• **DATA BELOW**
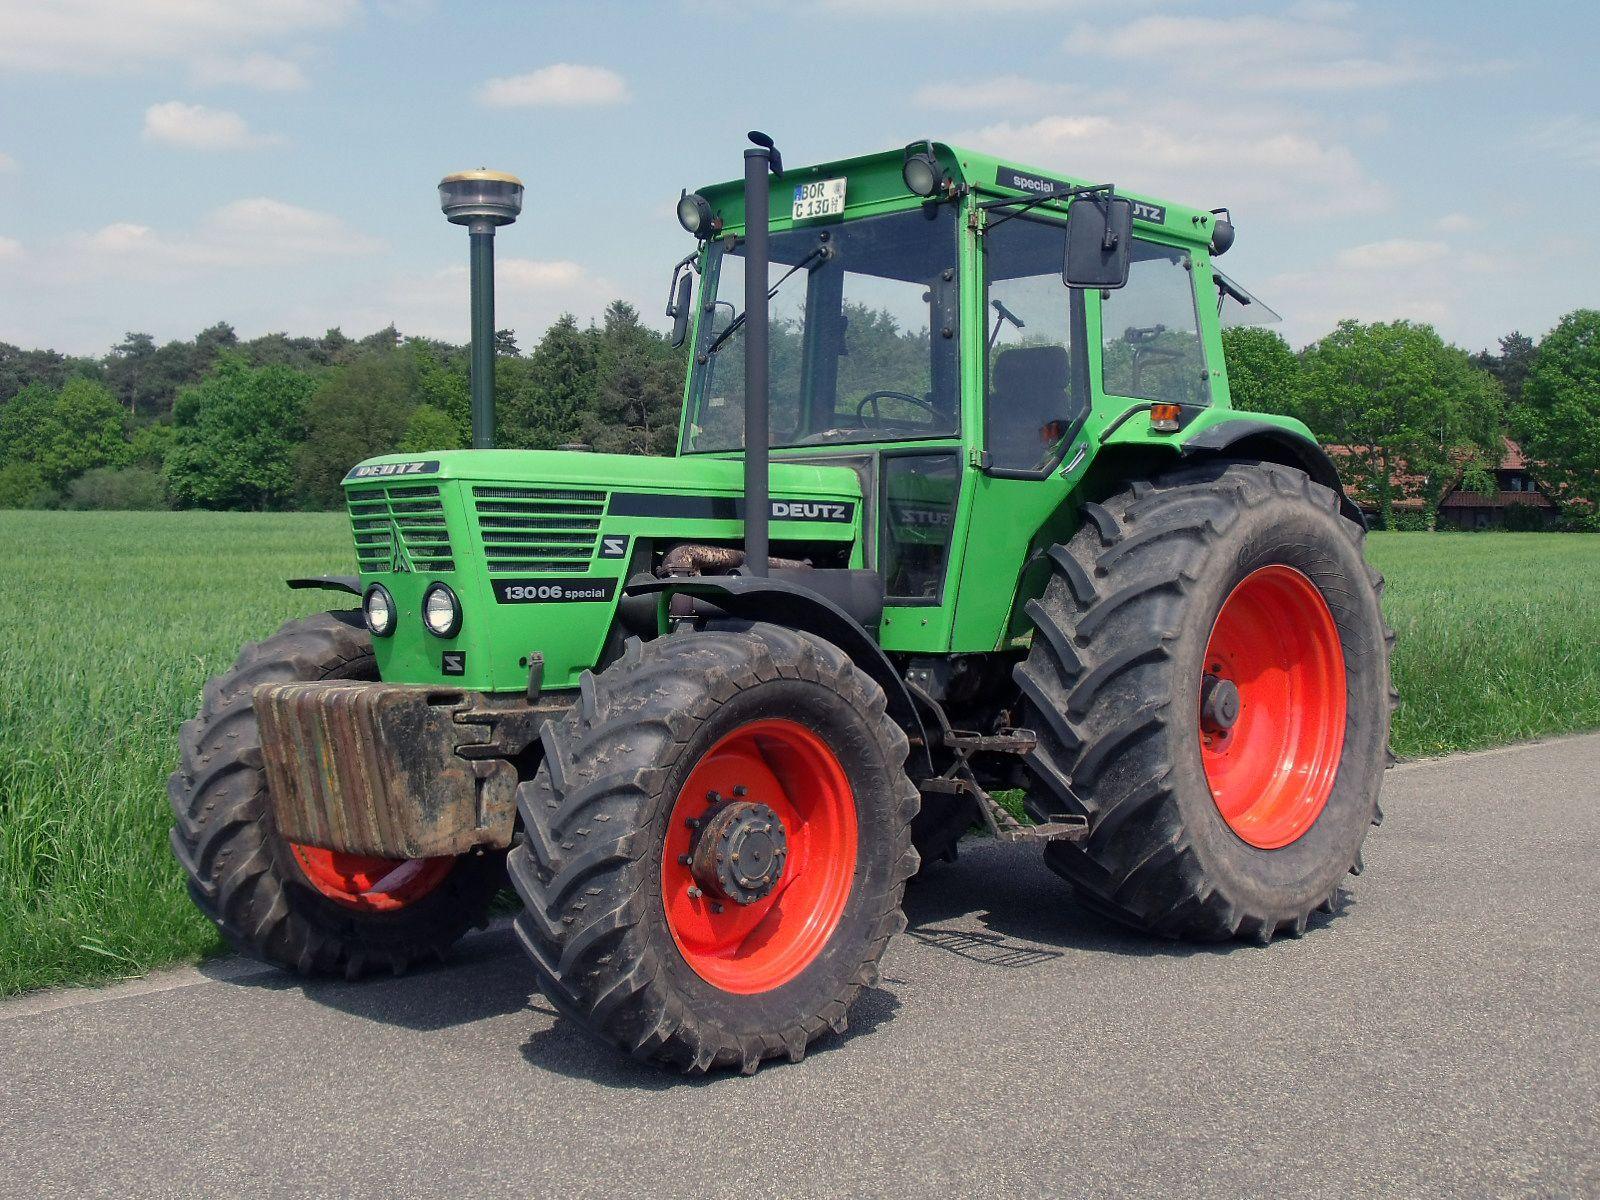 deutz 13006 special �� tractor mania �� pinterest
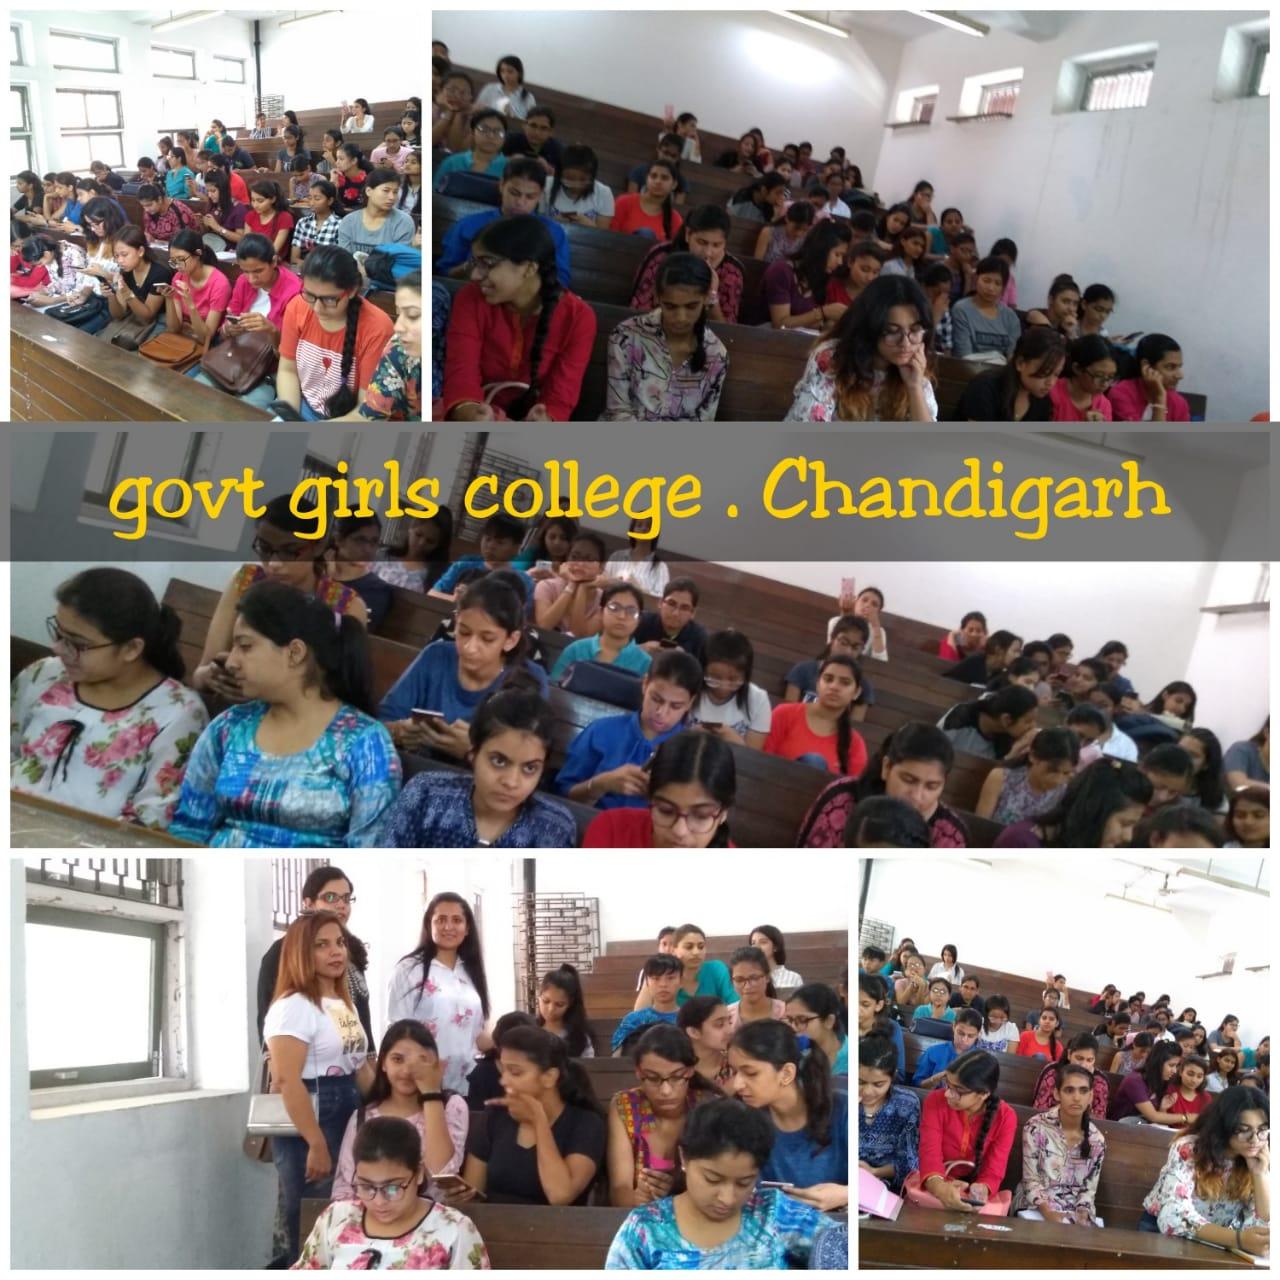 Govt Girls College Chandigarh.jpeg
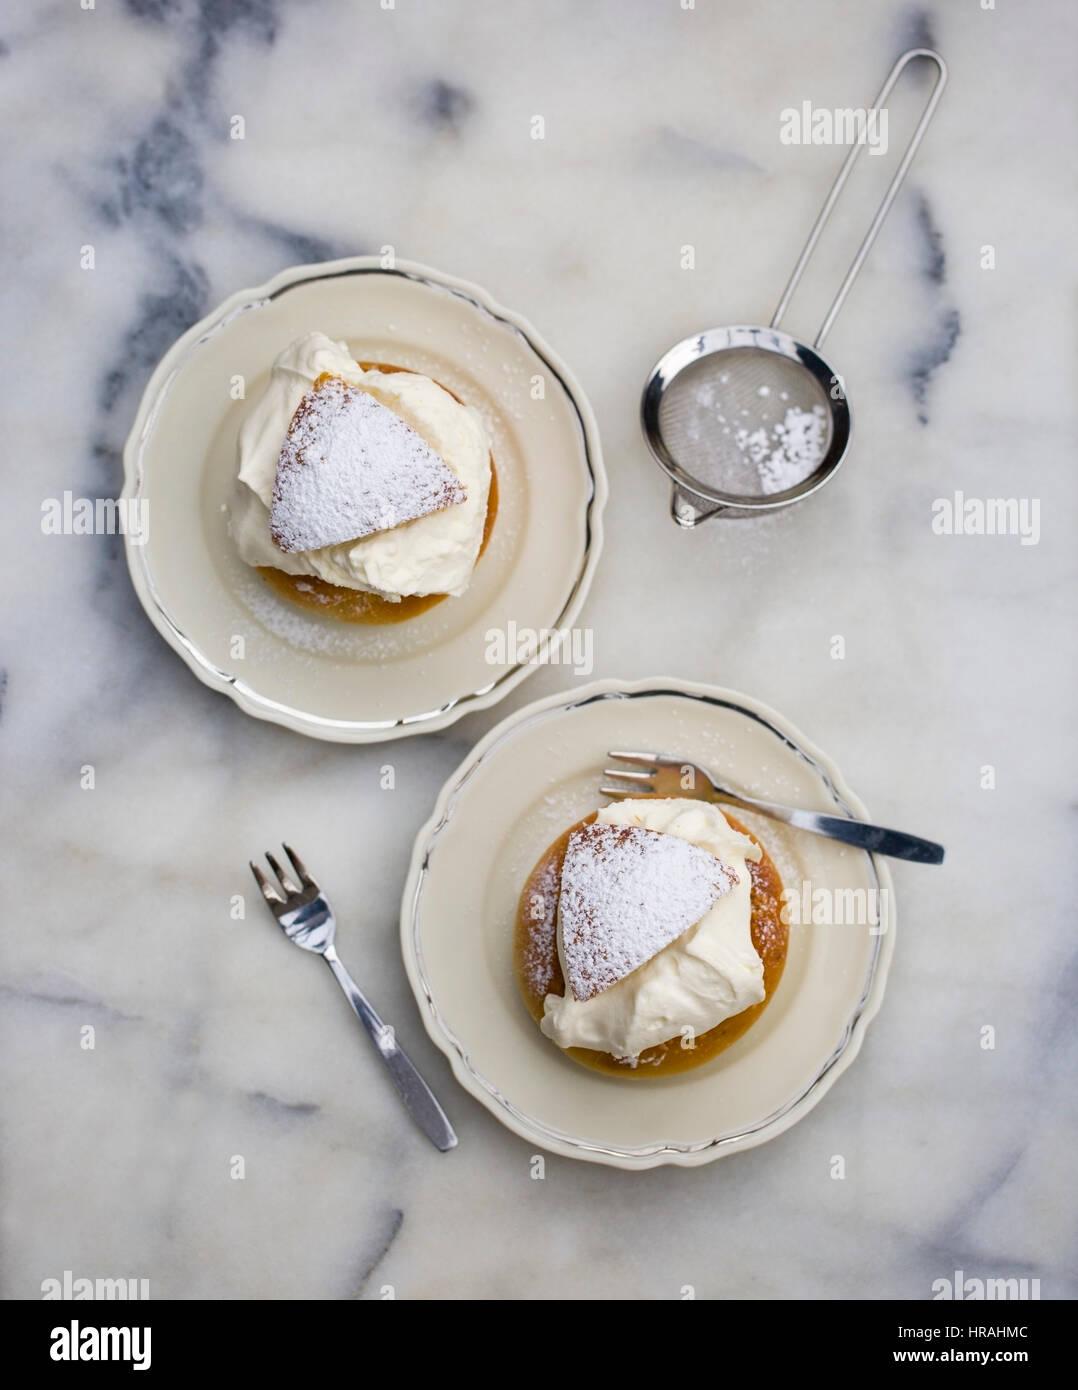 The Swedish Shrove Tuesday pastry semla - Stock Image
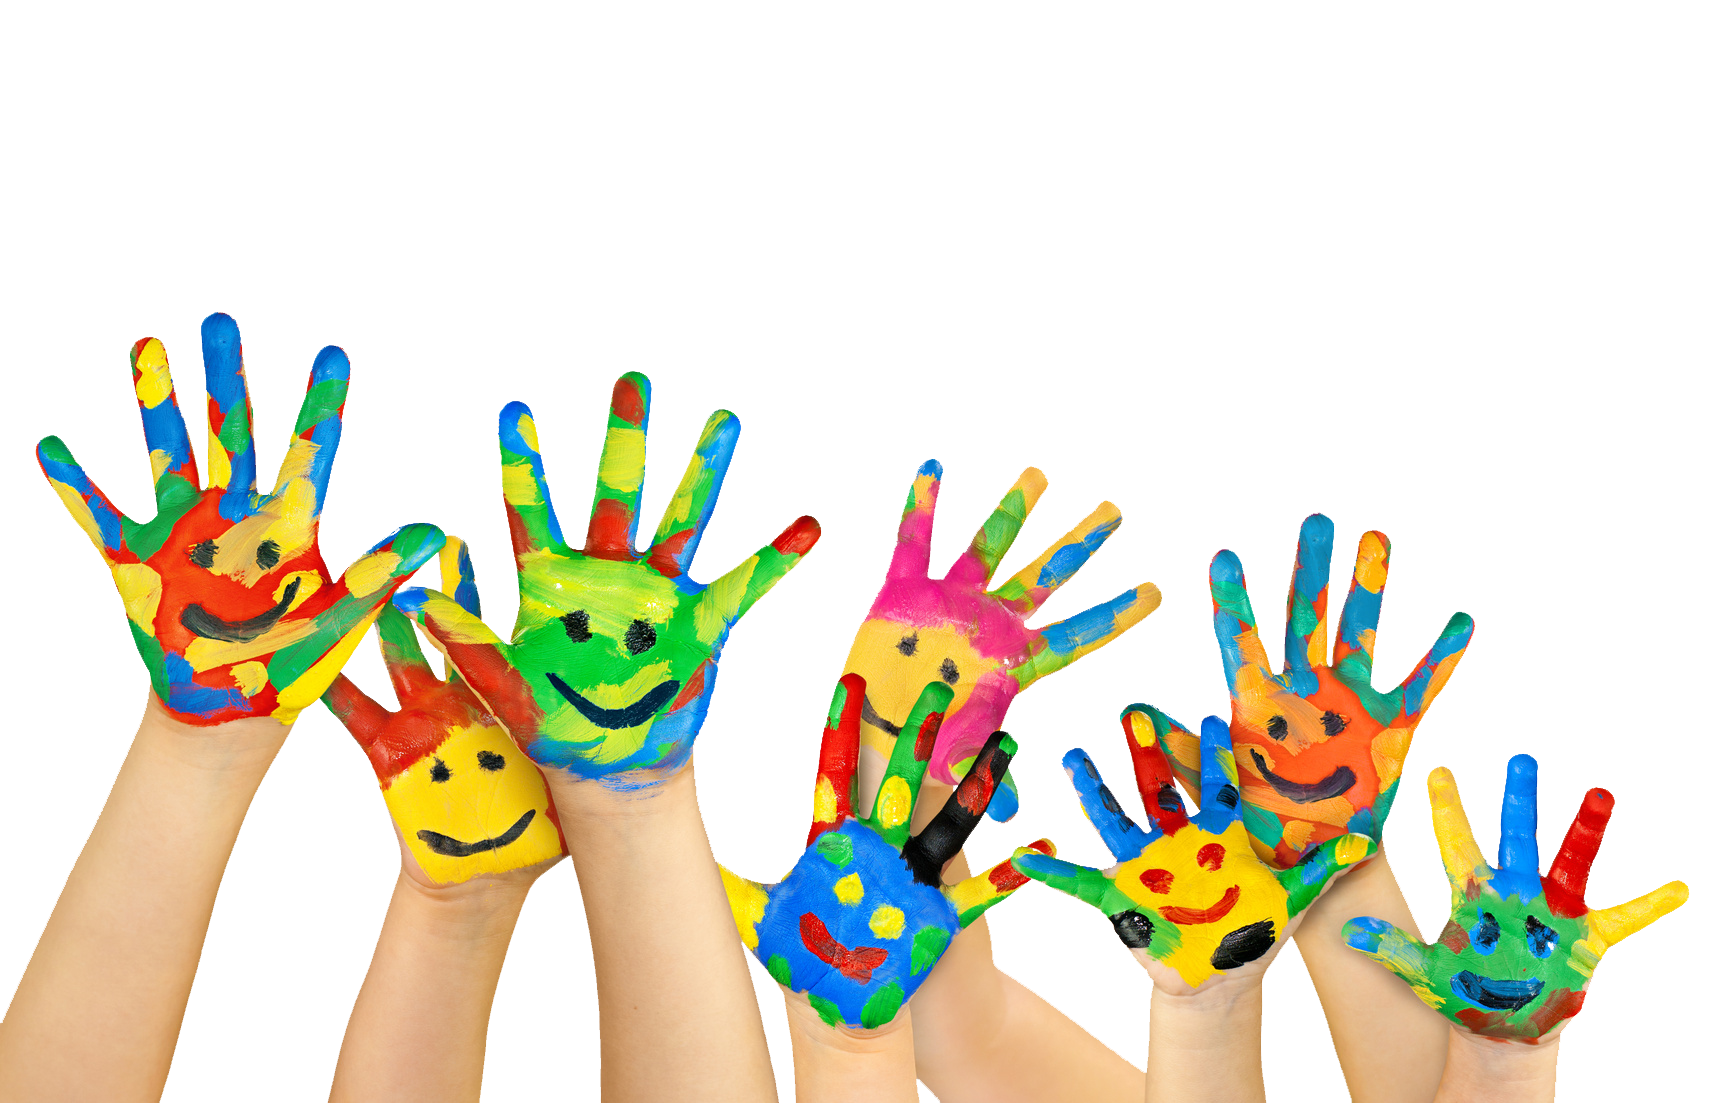 Preschool clipart portfolio. Conyers first united methodist

• **PROBLEM REQUIREMENTS**
Retype the line containing "The Swedish Shrove" and all lines after it to the end of the material, exactly as written, leaving out any pictures.

• **ANSWER SPACE**
 The Swedish Shrove Tuesday pastry semla - Stock Image
 Preschool clipart portfolio. Conyers first united methodist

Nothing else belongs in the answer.